CRISPR Cas9: The Ultimate Gene Modification Tool


CRISPR is something you have probably never heard of if you are not interested in biological and health care technology. To the sworn techies, however, this is a household name that represents a tool that may change the game forever.
What may not be clear to virtually everyone regardless of their grasp of scientific developments is why all of a sudden the technology has become such a big deal when scientists have been fiddling with genomes since the 80’s. Well, hopefully at the end of the article you will have a global idea.

Make sure to leave your comments at the bottom of the page and let us know what you think about this medical breakthrough.

.What is CRISPR?

CRISPR refers to the odd DNA sequences that identify pathogens and fight them when they attack body cells.
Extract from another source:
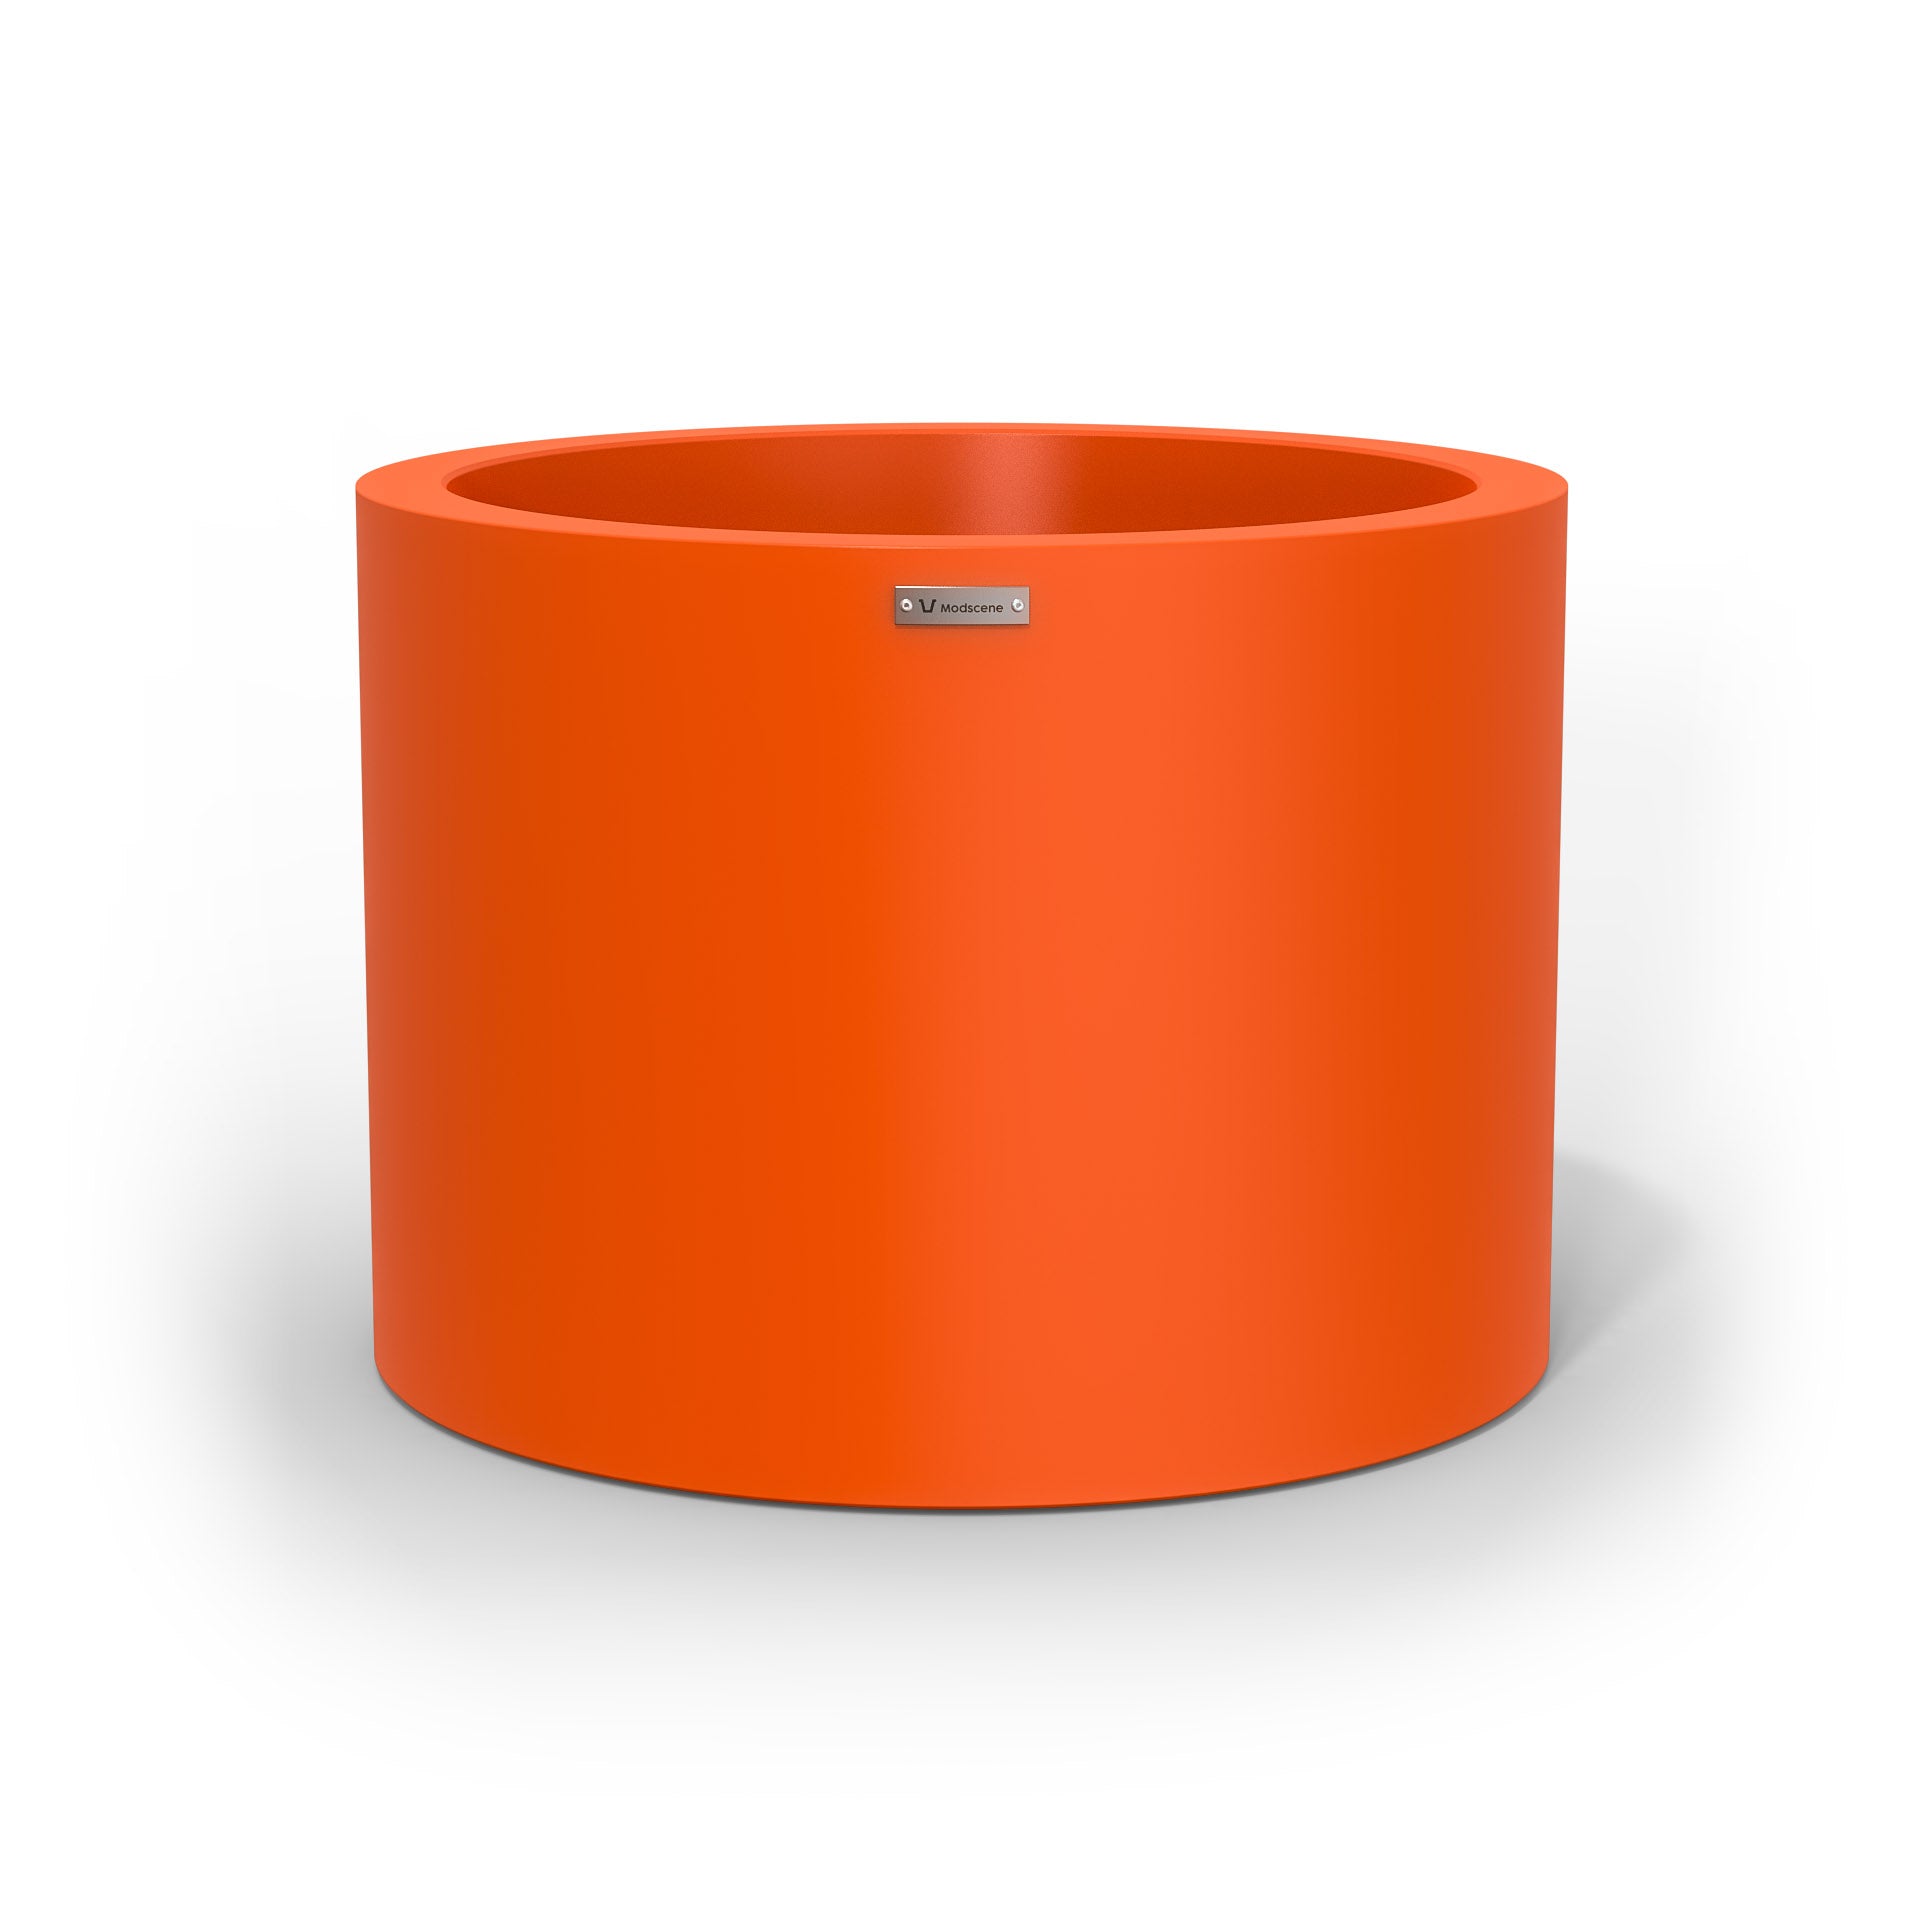 A cylinder shaped pot planter in orange made by Modscene New Zealand.

The name – which is pronounced “crisper” – stands for Clustered Regularly Interspaced Short Palindromic Repeats.

Um weird, right?

You could be pardoned for thinking so, but if you took a second glance at the phrase you would realize that it is a brief description of the general structure of the DNA sequences.
Normally, they are clustered and occur at regular intervals. If labeled with letters, they portray palindromes that occur in near-perfect repetitions.

CRISPR was first detected back in the 80s by a group of scientists led by Francisco Mojica during a random study on bacteria and archaea.

how crispr works

UC Berkeley Infographic on how exactly Crispr Cas9 works

The odd DNA sequences drew their attention, and studies ensued to find if the structure was adapted to any particular purpose.
Expected to draw a blank after a series of failed attempts, scientists led by Philippe Horvath finally in 2007 conclusively showed that the sequences were for viral defense.

.So then CRISPR is just a DNA strand?

Well, you wouldn’t be wrong if you said it is but then again you wouldn’t be entirely right. It isn’t important either way.
What you need to know is that it has enabled gene editing, splicing, and experimentation and that is why it is a big deal.

By understanding its role in genomes and how it works to protect the body against disease-causing organisms you’ll get to know how it enables the said functions. I’ll give you a superficial idea.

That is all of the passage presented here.